• Une réforme qui menace les humanités classiques

    Bonjour à tous,

     

    Voici un texte magnifique et dont la relecture doit pouvoir rendre la grandeur de l'école.

     

    Merci à l'académicien Jean-Marie Rouart de nous témoigner cette amour de l'école et le style pour redéfinir et reprendre finalement un projet de loi sinon une loi contraire aux intérêts et à la grandeur de la France.

     

    "La réforme de l’Éducation, portée par la ministre Najat Vallaud-Belkacem, menace les humanités classiques. Supprimer le latin et le grec, c’est toucher aux piliers de notre culture.

     

    Les Français sont fiers de leurs Prix Nobel ; fiers de leurs athlètes qui remportent des médailles aux Jeux olympiques ; orgueilleux lorsque l’équipe de France gagne la Coupe du monde de foot ; respectueux et admiratifs des bêtes à concours qui essaiment à l’Ecole polytechnique ou à Saint-Cyr. A aucun moment ne leur vient à l’esprit de remettre en cause le système profondément élitiste qui a abouti, à la suite d’une impitoyable sélection, à la distinction de l’excellence. Au contraire, ce mérite publiquement récompensé les rassure car il n’est entaché par aucun soupçon de fraude ou de favoritisme. Au-delà de l’orgueil national, il flatte une certaine idée de la justice.

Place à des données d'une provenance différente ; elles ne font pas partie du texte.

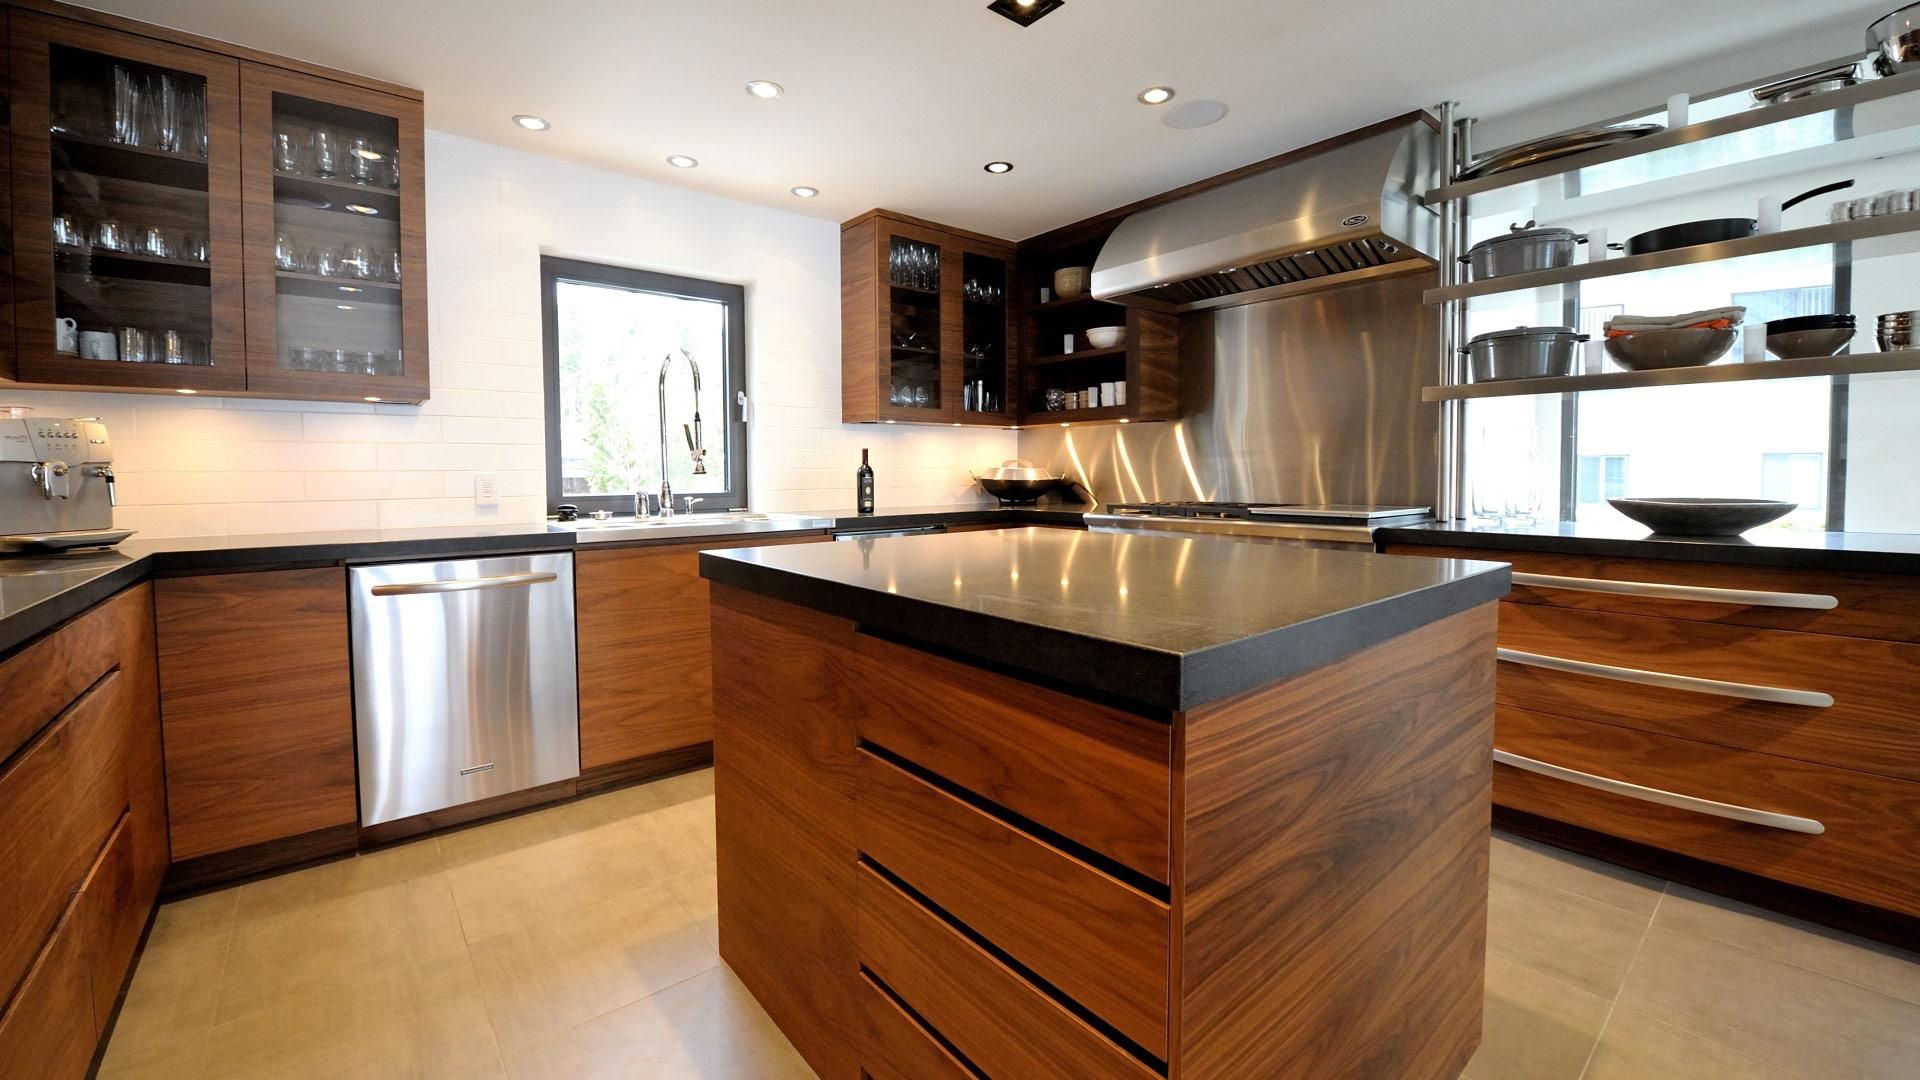 modele cuisine bois et inox lille maison. Black Bedroom Furniture Sets. Home Design Ideas

D’où vient alors que ce même peuple en soit arrivé, dans un domaine fondateur de la société, l’enseignement, à remettre en cause tout ce qui, de près ou de loin, s’apparente à des classements ? Comme si la sélection des meilleurs élèves était vécue telle une insulte vis-à-vis des moins bons, comme si la distinction entre les bonnes notes et les mauvaises devait être effacée ; comme si, enfin, la sélection par les études au collège n’était qu’un moyen de favoriser une classe sociale dominante, arrogante, qui veut conserver ses privilèges et son pouvoir au détriment des défavorisés, des enfants des banlieues et des laissés-pour-compte de la diversité.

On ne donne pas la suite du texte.